■ What is being asked:
Transcribe each line of the material as it is, and drop any picture.

■ Given information:
-- Opening Marker --
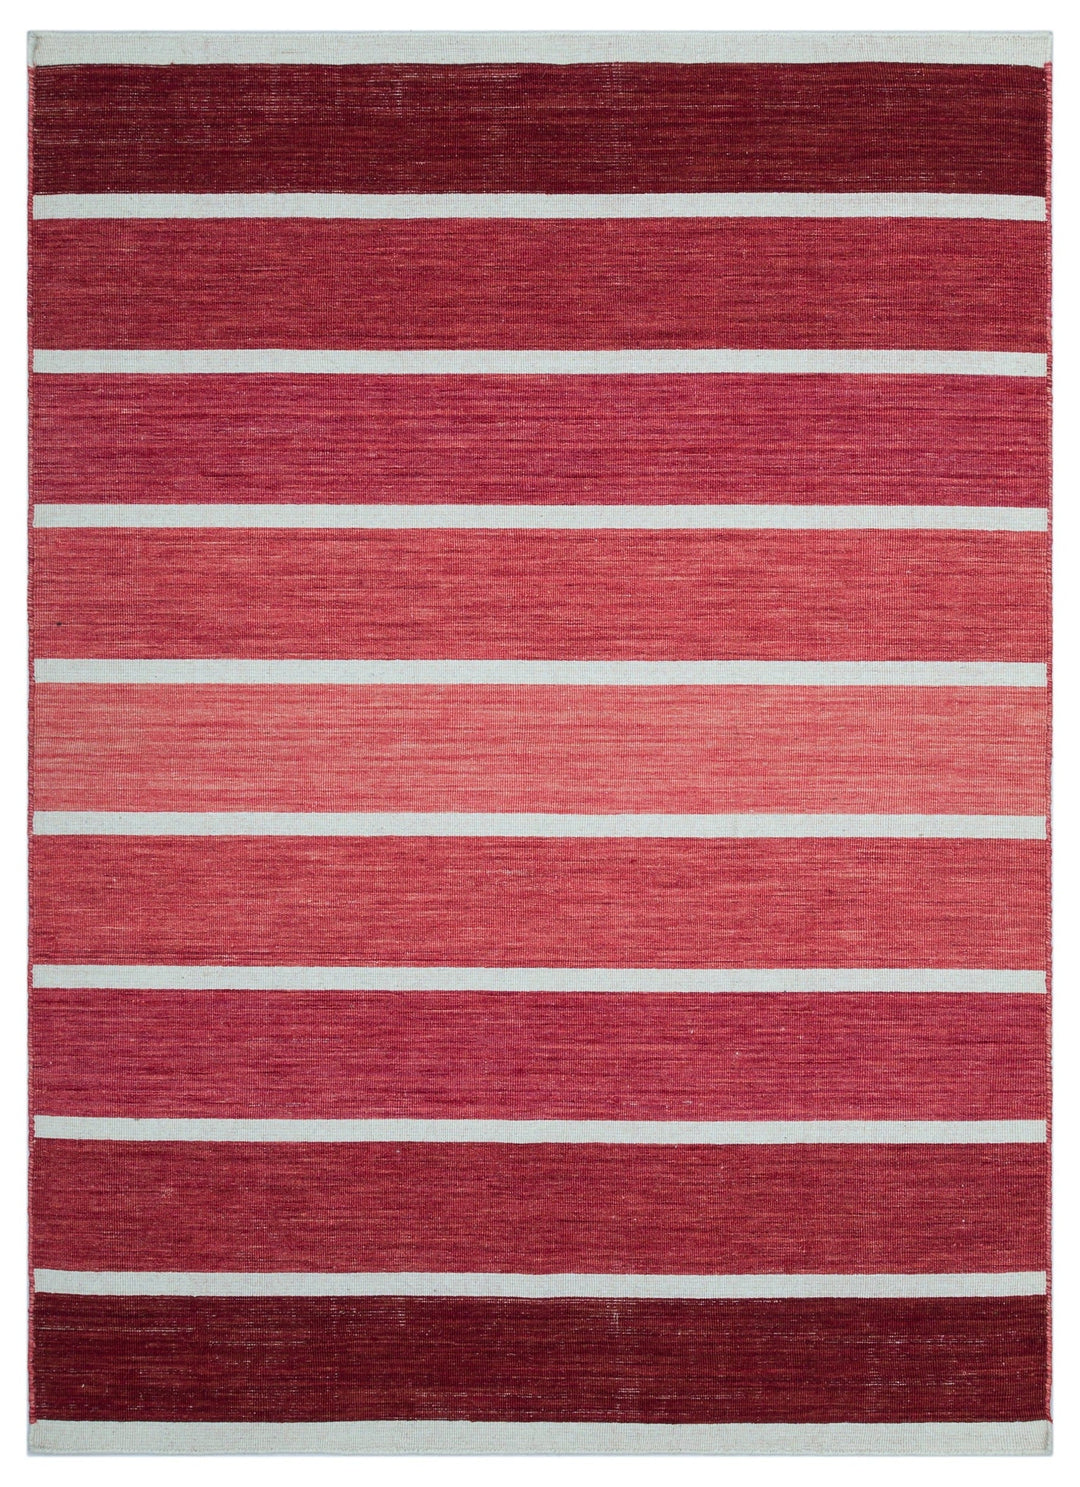 Cretan Red Striped Wool Hand Woven Carpet 128 x 180
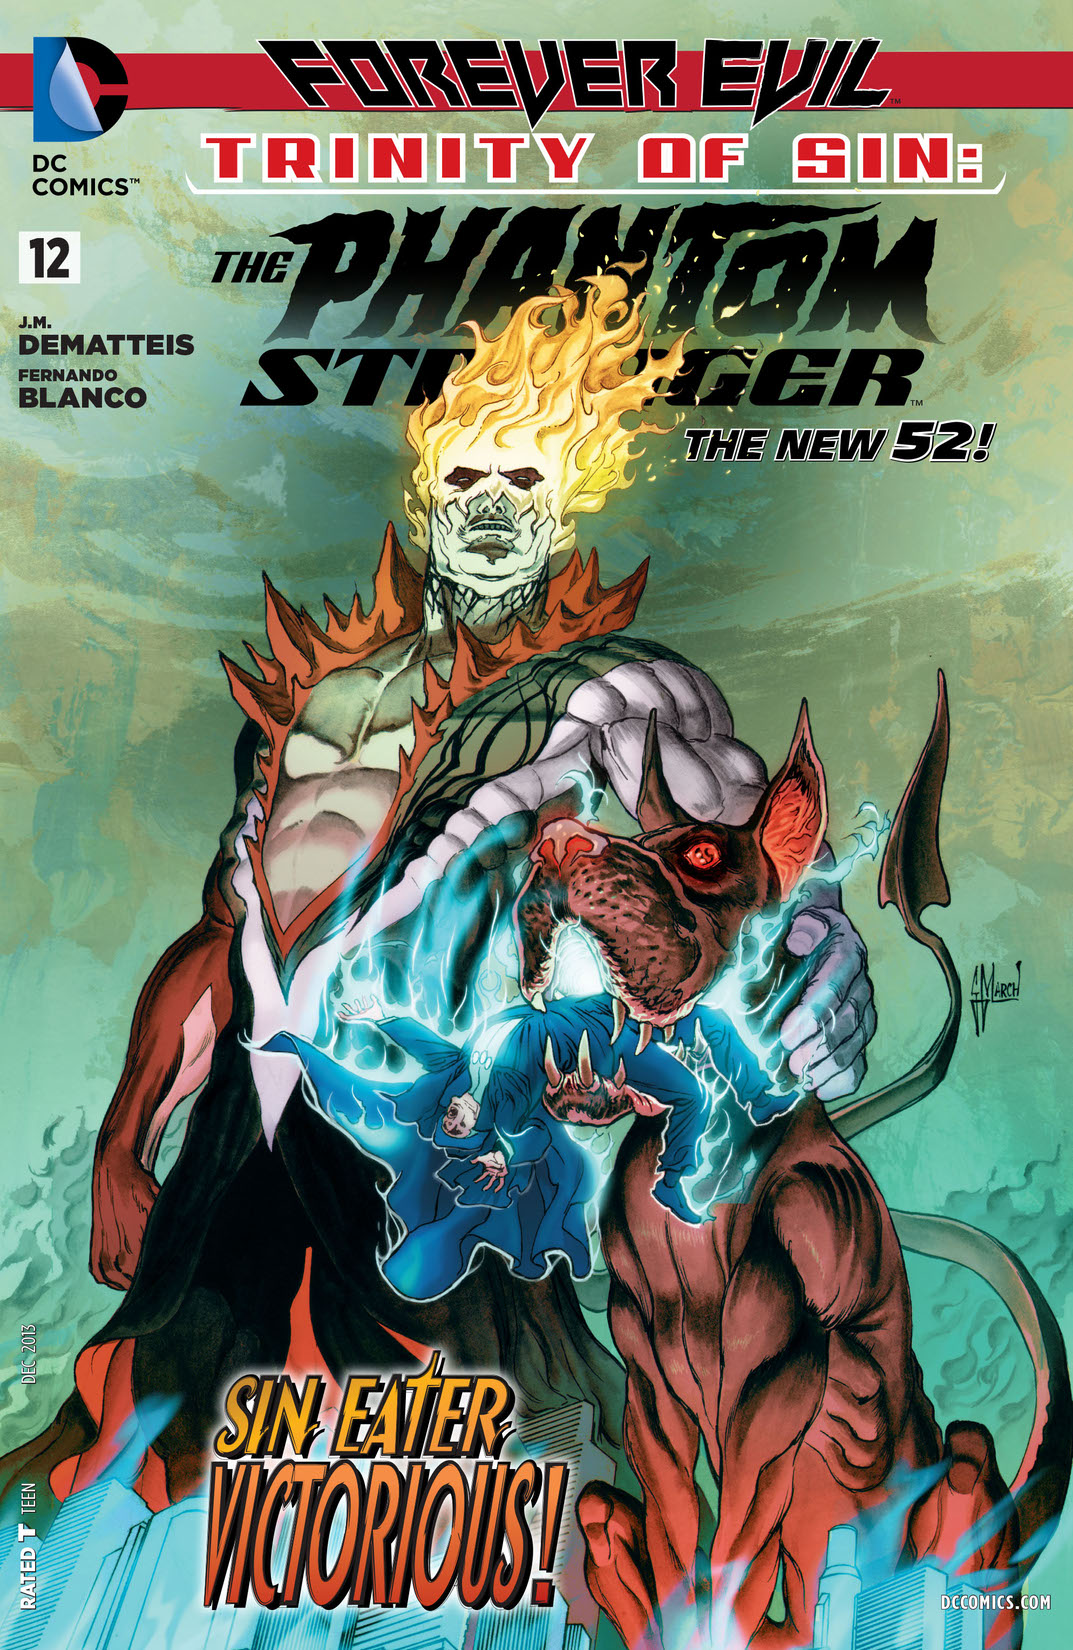 Trinity of Sin: The Phantom Stranger (2012-) #12 preview images
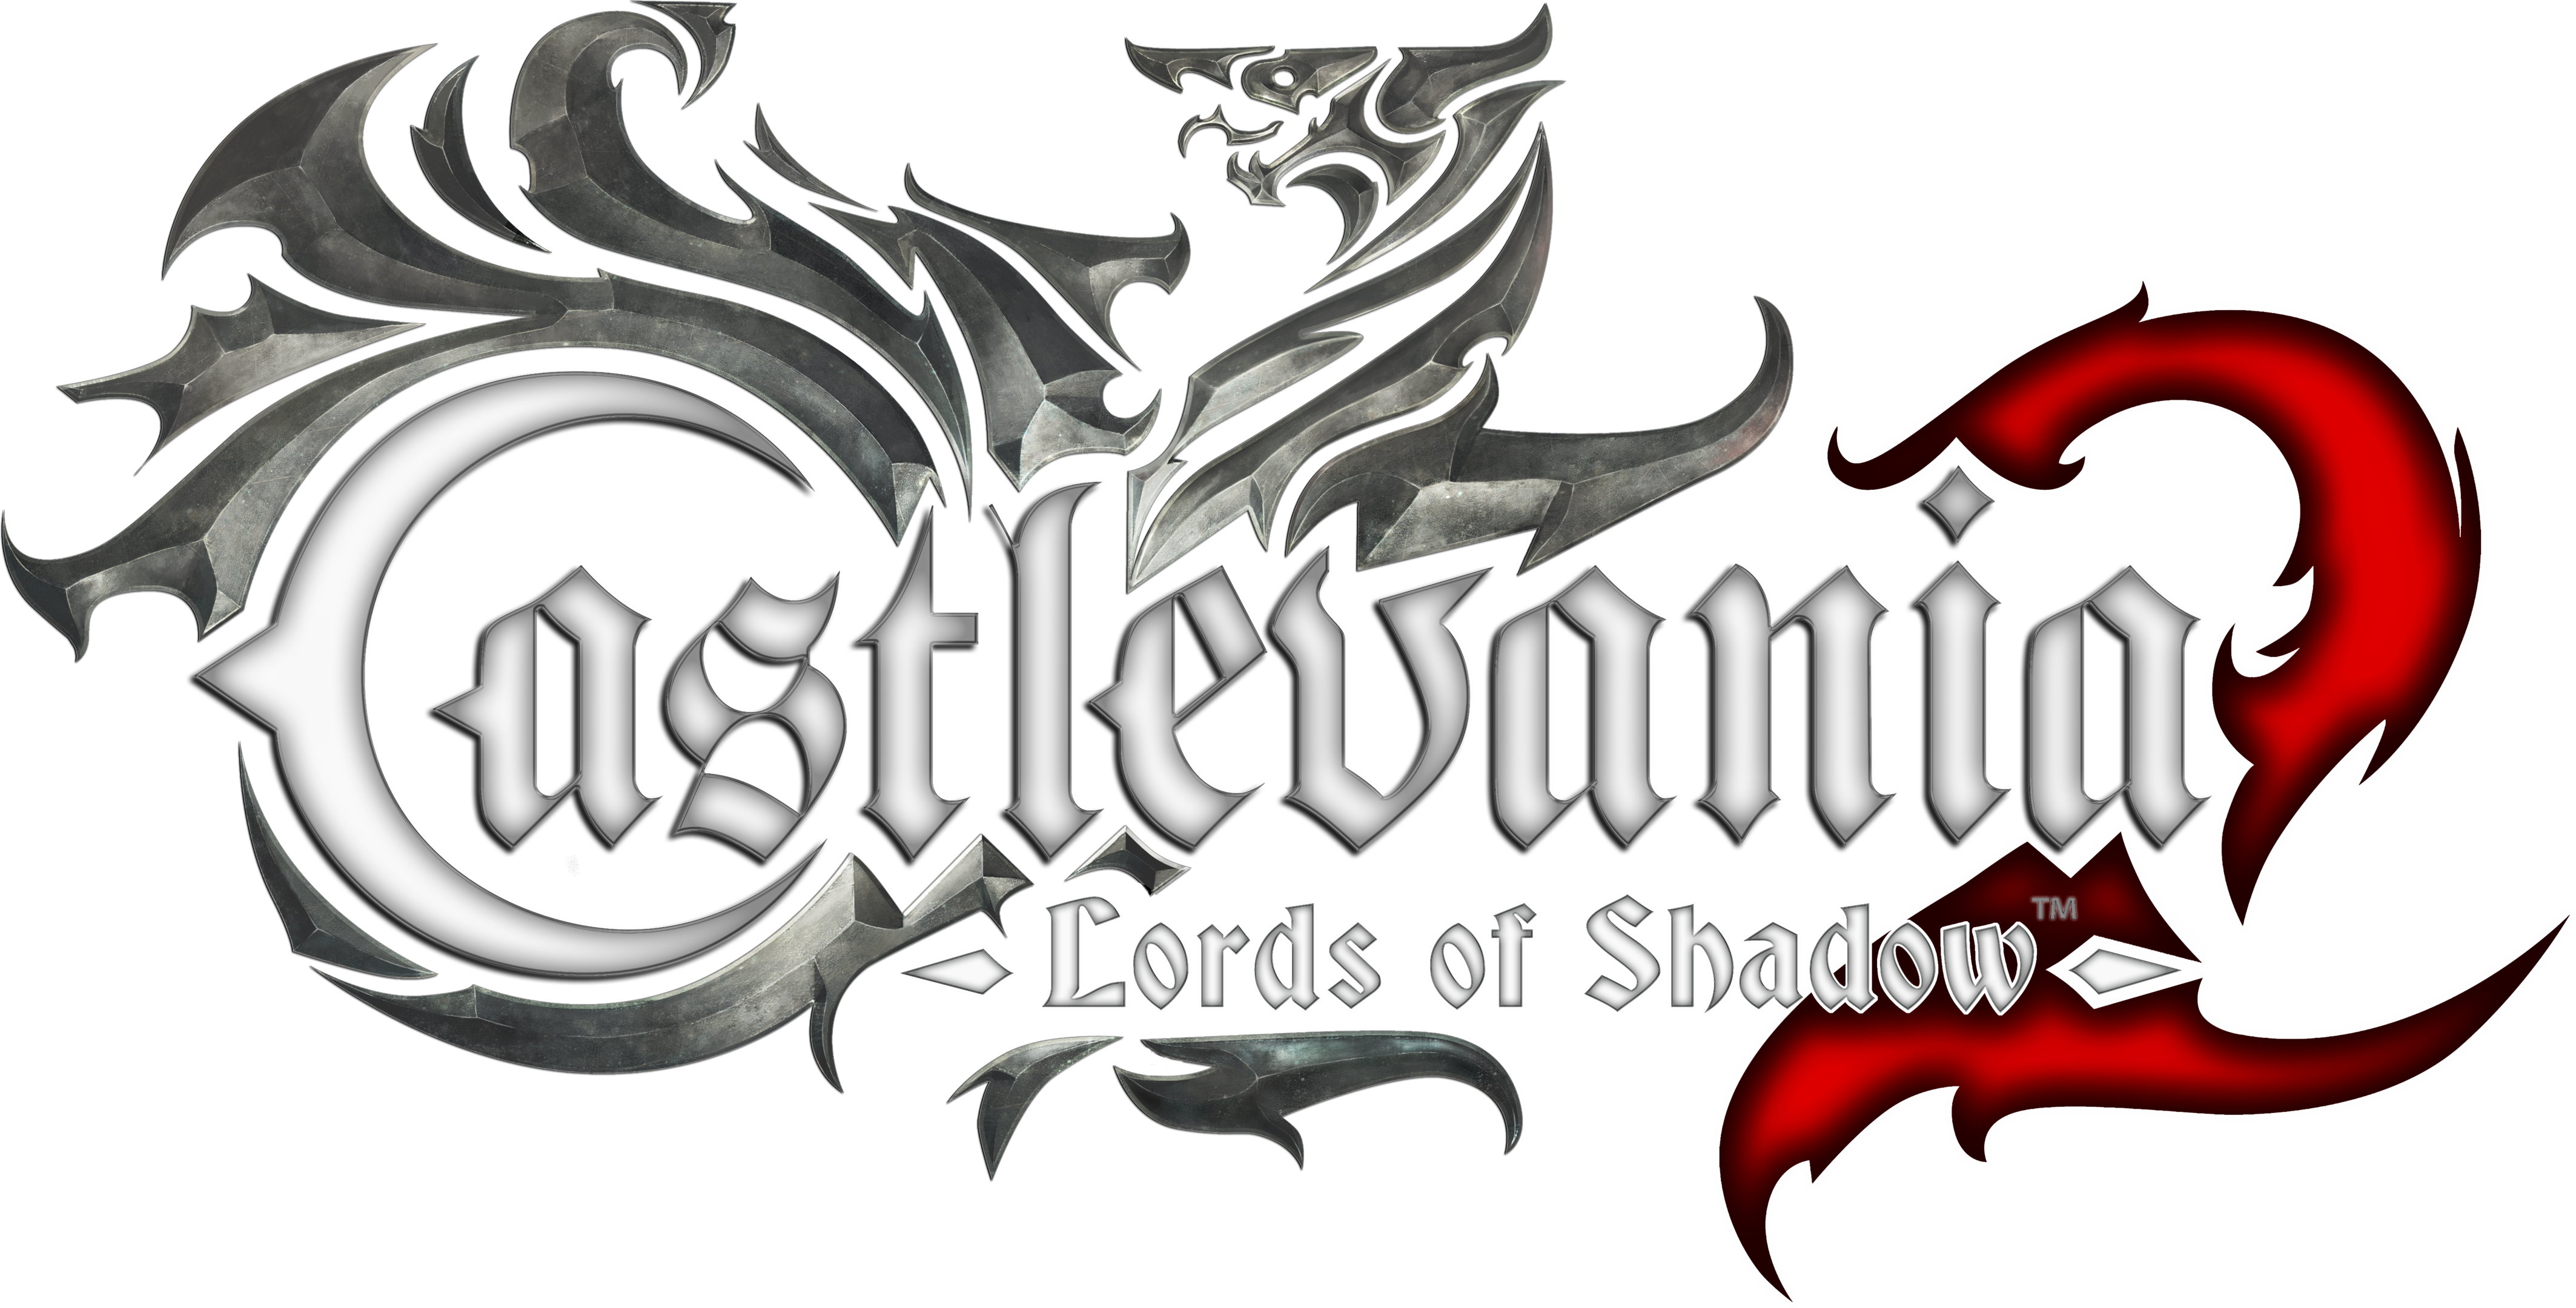 Steam castlevania lord of shadows фото 53
-- Closing Marker --
■ Result for this task:
 Cretan Red Striped Wool Hand Woven Carpet 128 x 180
 Trinity of Sin: The Phantom Stranger (2012-) #12 preview images
 Steam castlevania lord of shadows фото 53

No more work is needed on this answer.